E.ON, Germany's largest utility, nearly halved its dividend to 0.60 euros ($US0.83) per share on 2013 earnings, down from 1.10 euros, and said it will shut down 13 gigawatts of capacity, equivalent to about 13 nuclear plants and more than a quarter of its entire European capacity.

Italy's biggest utility Enel, which also owns 92 per cent of Spanish group Endesa, said it would mothball 8 GW of capacity in its home market and Spain, and trim its dividend to 0.13 euros per share from 0.15 paid on 2012.

So far some 50 GW of gas-fired capacity in Europe has been closed or mothballed by 10 of the continent's biggest utilities in response to weak demand and the rise of renewable energy.

"Our conventional power plants are operating for fewer and fewer hours," E.ON's chief executive Johannes Teyssen told reporters last night.

"As a result, we, but also more and more other energy companies, are decommissioning conventional power plants before the end of their ... operating life," he said.

Some 15 years after liberalisation of Europe's power markets, companies have been left facing the need to find a new business model due to increased regulation and a changing energy mix which has become increasingly biased towards low-carbon types of electricity generation.

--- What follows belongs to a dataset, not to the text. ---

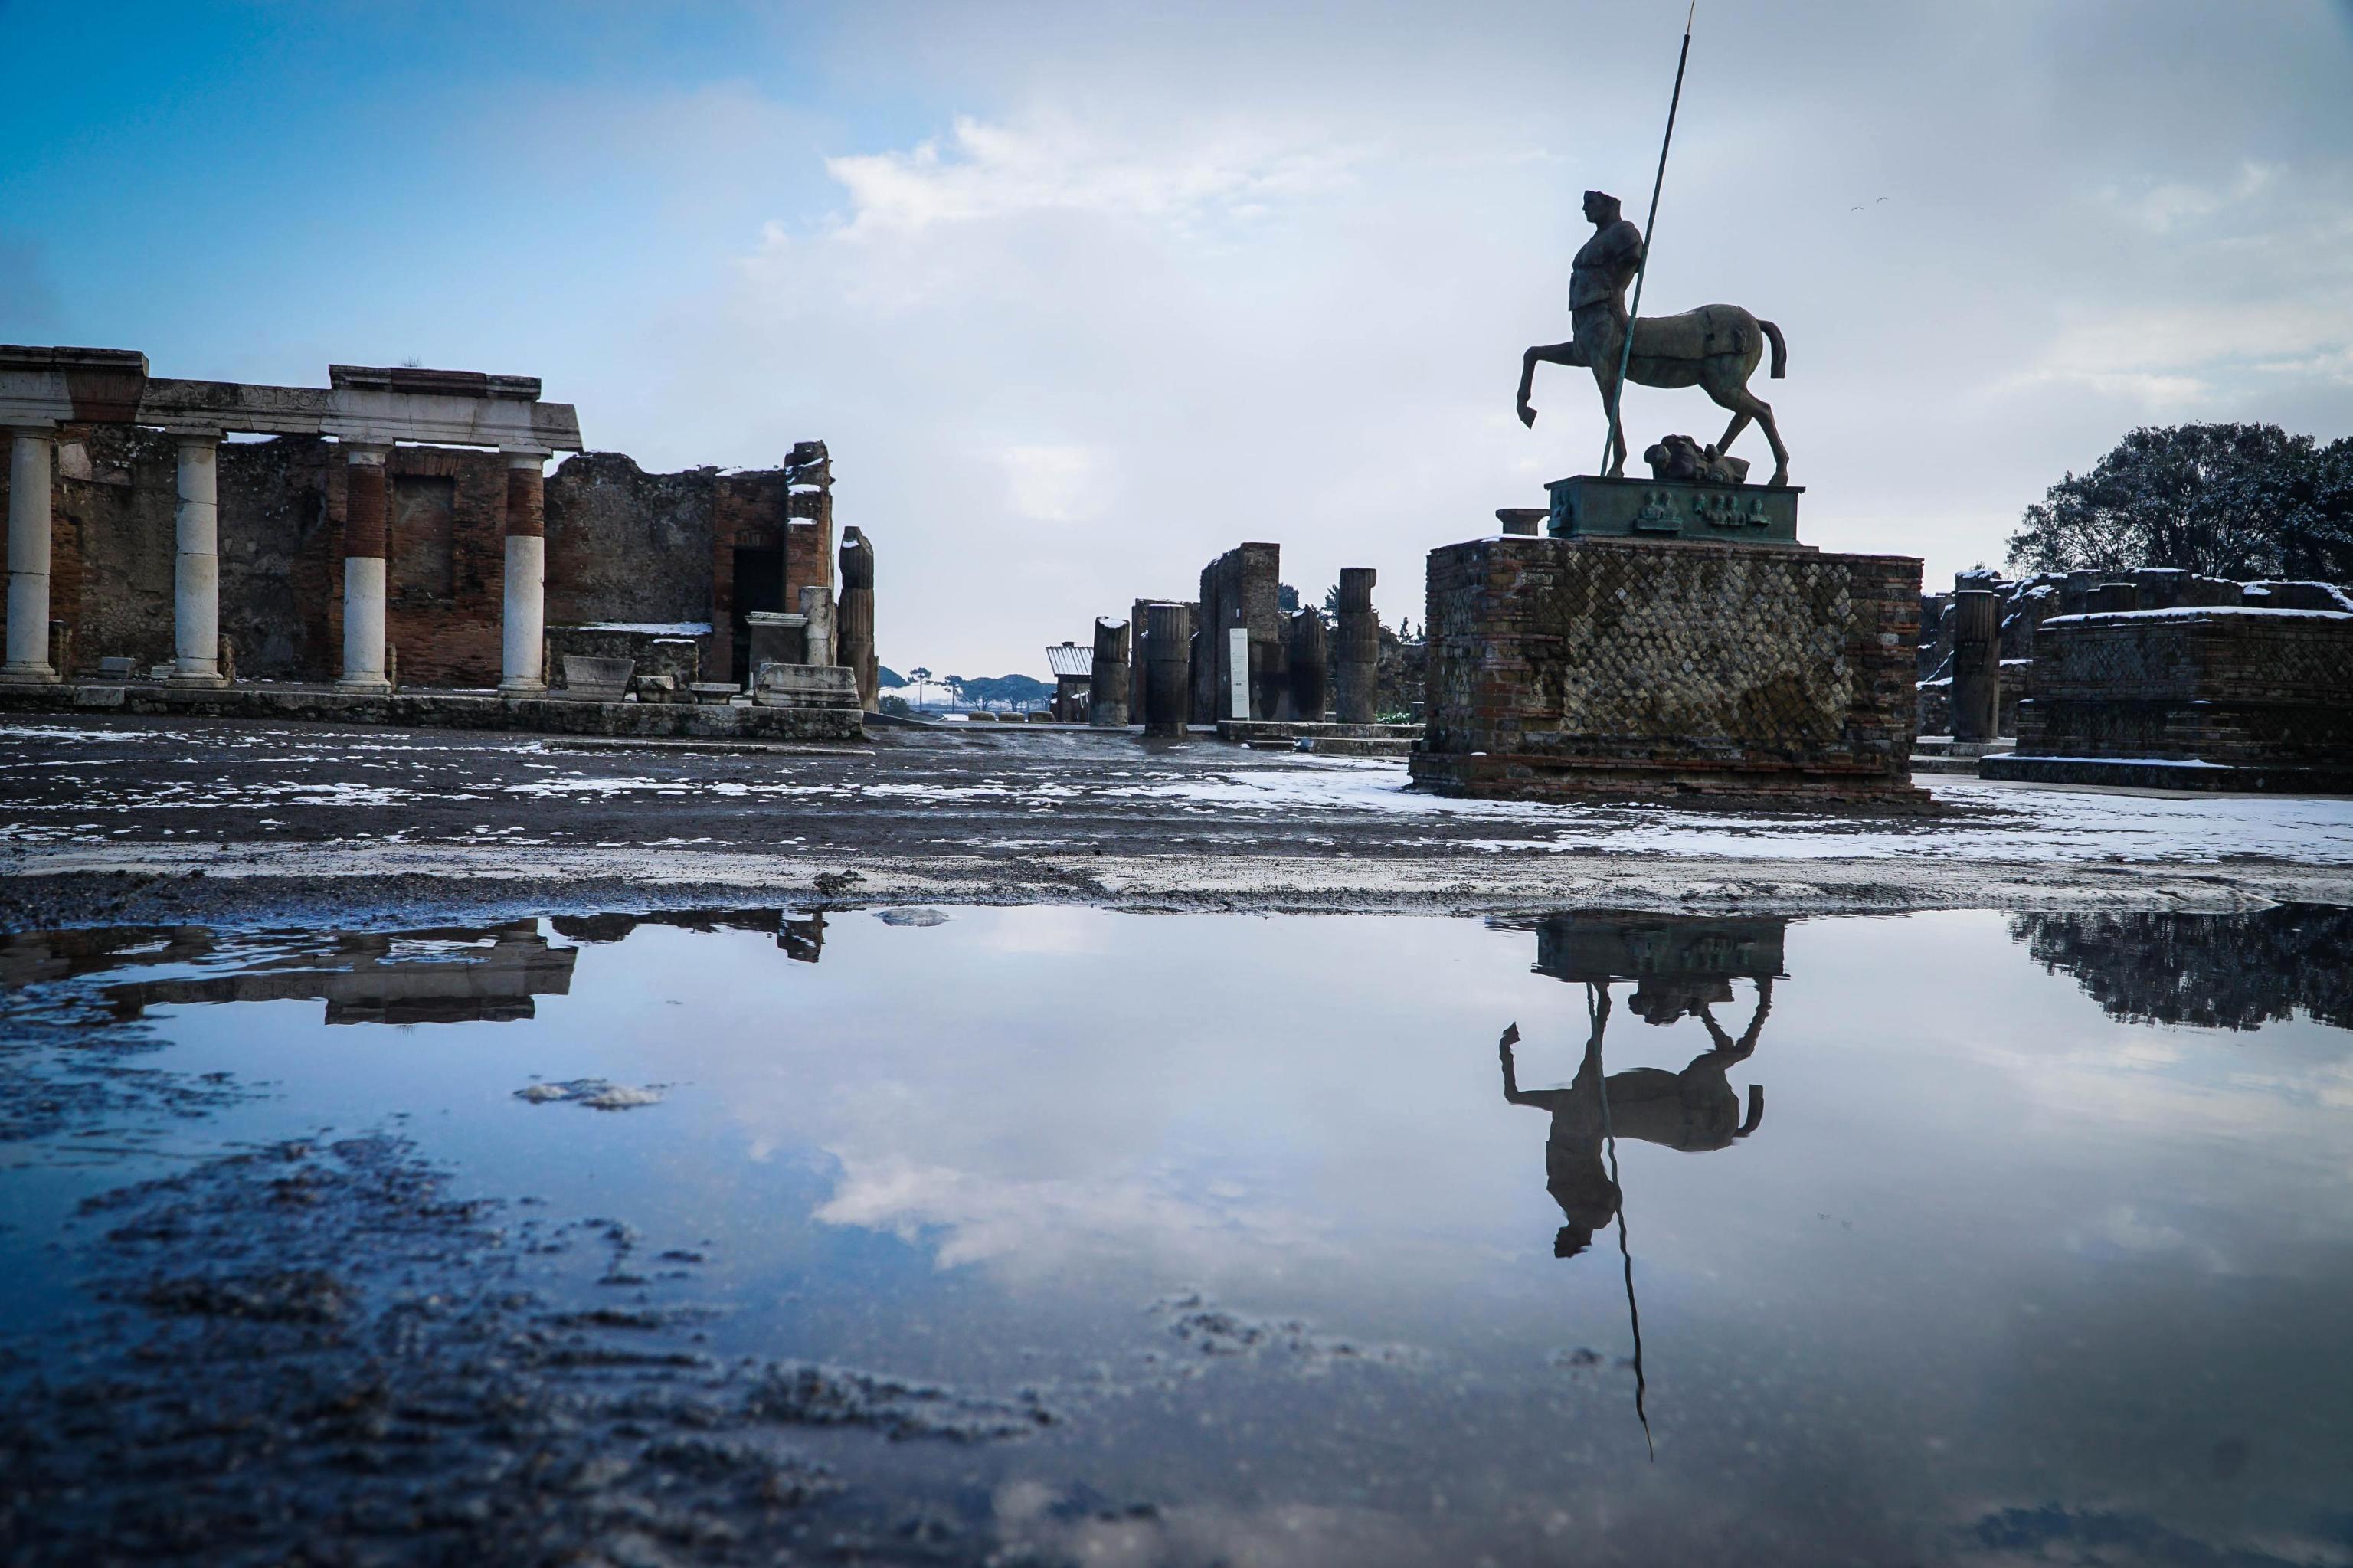 Las ruinas de Pompeya(Cesare Abbate/ANSA via AP)

The crisis caused French group GDF Suez to book a 15 billion-euro charge on its power business this month, while German rival RWE posted its first net loss since 1949.

E.ON said it expected earnings before interest, tax, depreciation and amortisation of 8-8.6 billion euros ($US11-$US11.9 billion) this year, marking the third consecutive year of falling profits.

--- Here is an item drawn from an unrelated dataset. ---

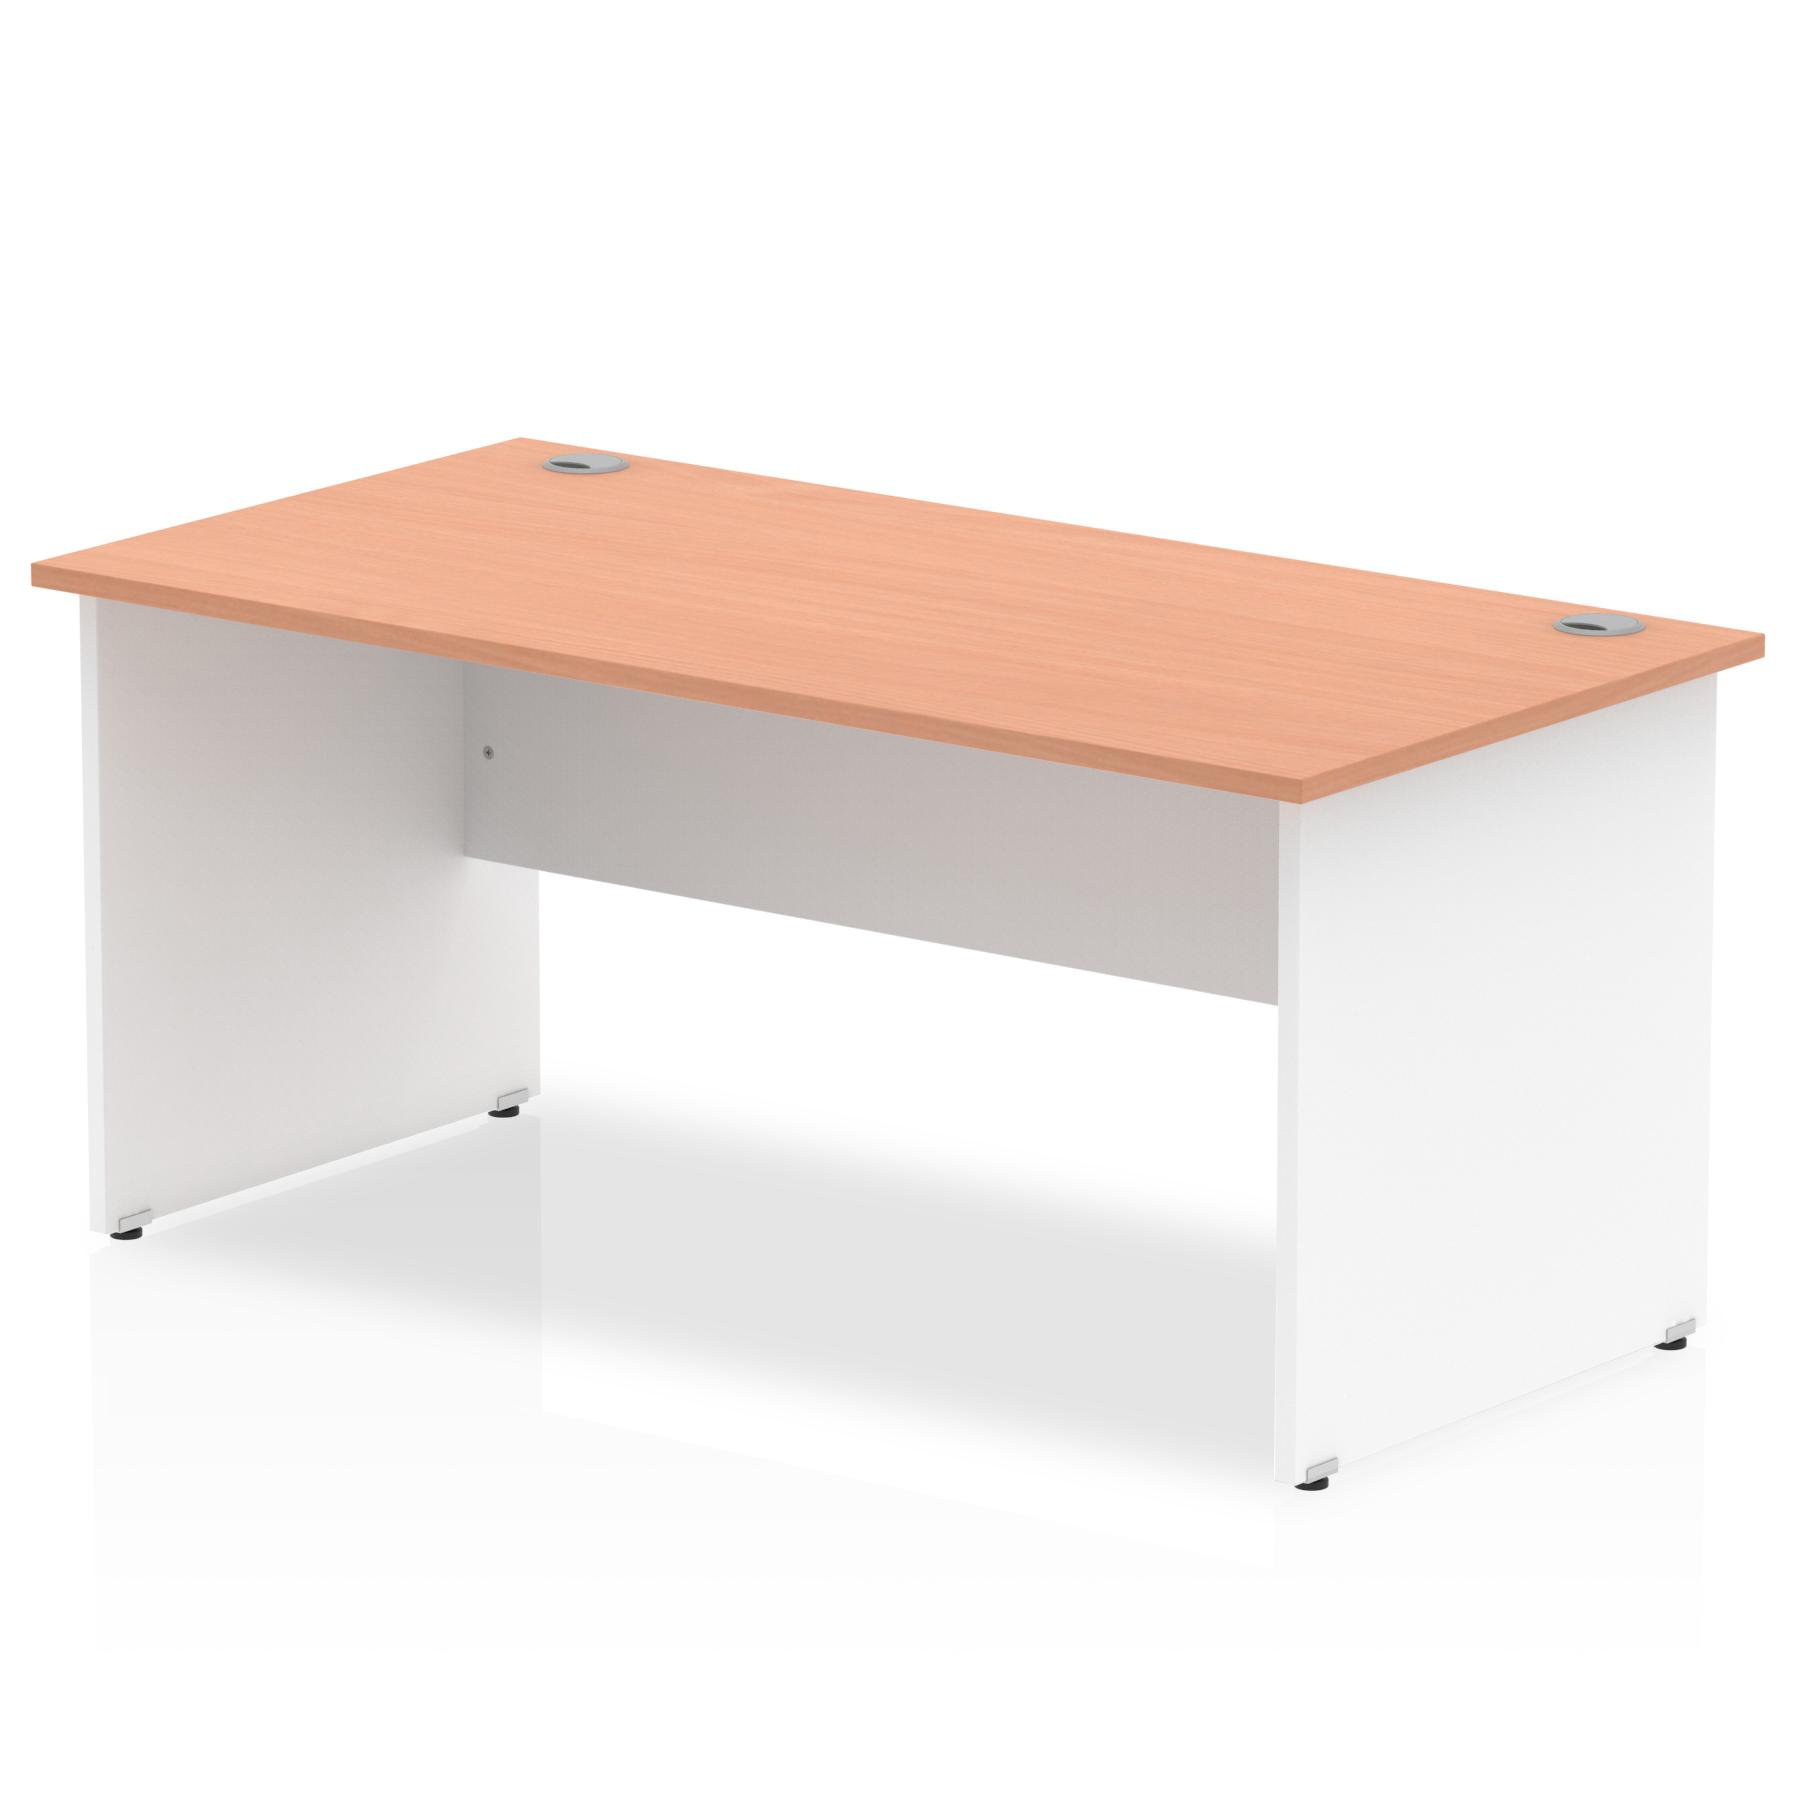 Trexus Desk Rectangle Panel End 1600x800mm Beech Top White Panels Ref TT000015

In its new 2014-2018 business plan, Enel said it expected core earnings before interest, tax, depreciation and amortisation  to fall back to 15.5 billion euros, having risen in 2013 to 17 billion euros from 15.8 billion in 2012.

Looking abroad

One way for Europe's utilities to escape relatively weak energy demand on the continent is to expand abroad, a strategy pursued by both E.ON and Enel.

The Italian state-controlled utility plans to invest 25.7 billion euros in 2014-18, of which 57 per cent will go to growth markets. It will also plough 6 billion euros into green energy unit Enel Green Power.

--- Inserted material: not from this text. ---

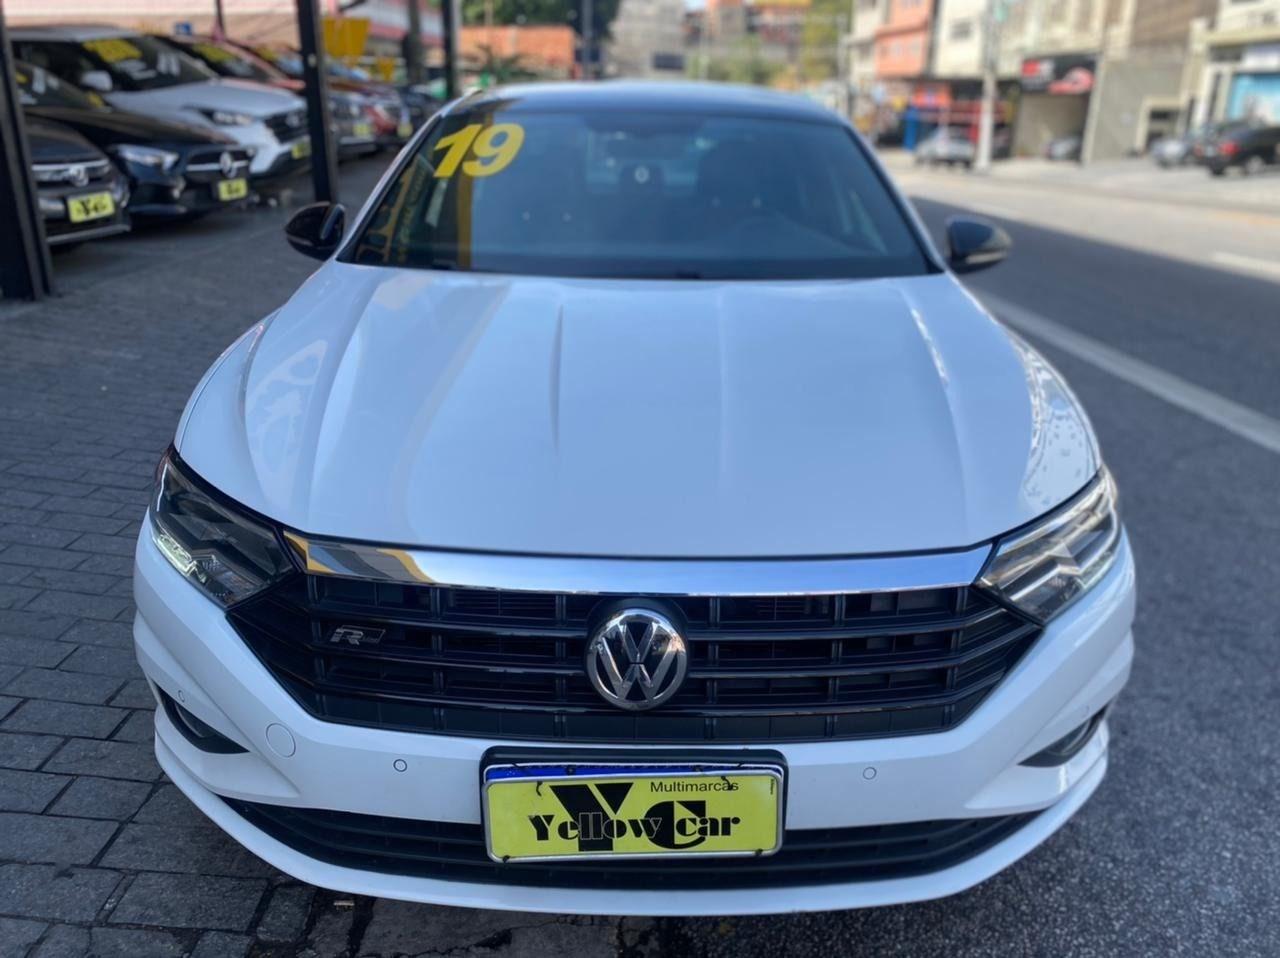 //www.autoline.com.br/carro/volkswagen/jetta-14-250-tsi-r-line-16v-flex-4p-turbo-tiptronic/2019/sao-paulo-sp/15171470

"Emerging markets have become the key drivers of global economic growth ... In mature markets the conventional model is under siege from distributed generation," Enel's chief executive Fulvio Conti said.

The shift of focus to emergency markets and green energy is expected to take core earnings to 18 billion euros by the end of the five-year plan, Conti told analysts.

E.ON, too, is expanding abroad, mainly in Turkey, Brazil and Russia, where it has invested nearly 10 billion euros in recent years though it has warned of currency headwinds in these markets, caused by political uncertainty and a massive outflow of investor money and markets outside Europe still account for just 6 per cent of its core profit.

Adding to their problems many of Europe's utilities are still trying to shake off the legacies of an acquisitions mania that gripped the sector before the financial crisis in 2008, and are now having to sell assets and find cost savings to help cut debts and preserve their investment grade credit ratings.

With plans to raise 4.4 billion euros from asset sales and make cost savings of 5.8 billion euros in 2014 alone, Enel said yesterday it would at least be able to raise its dividend payout ratio, to 50 per cent of net profits from 40 per cent.

Deutsche Bank said in a note that while Enel's overall results were in line with market expectations, the news on dividend policy and cost cutting was positive.

"Also positive (is the fact) they remain committed to deliver on disposals," the note said.

Enel stock was up 1.2 per cent at 3.87 euros in late trading, when E.ON was up 3.24 per cent at 13.86 euros and the Stoxx Europe 600 utilities sector index was up 0.18 per cent.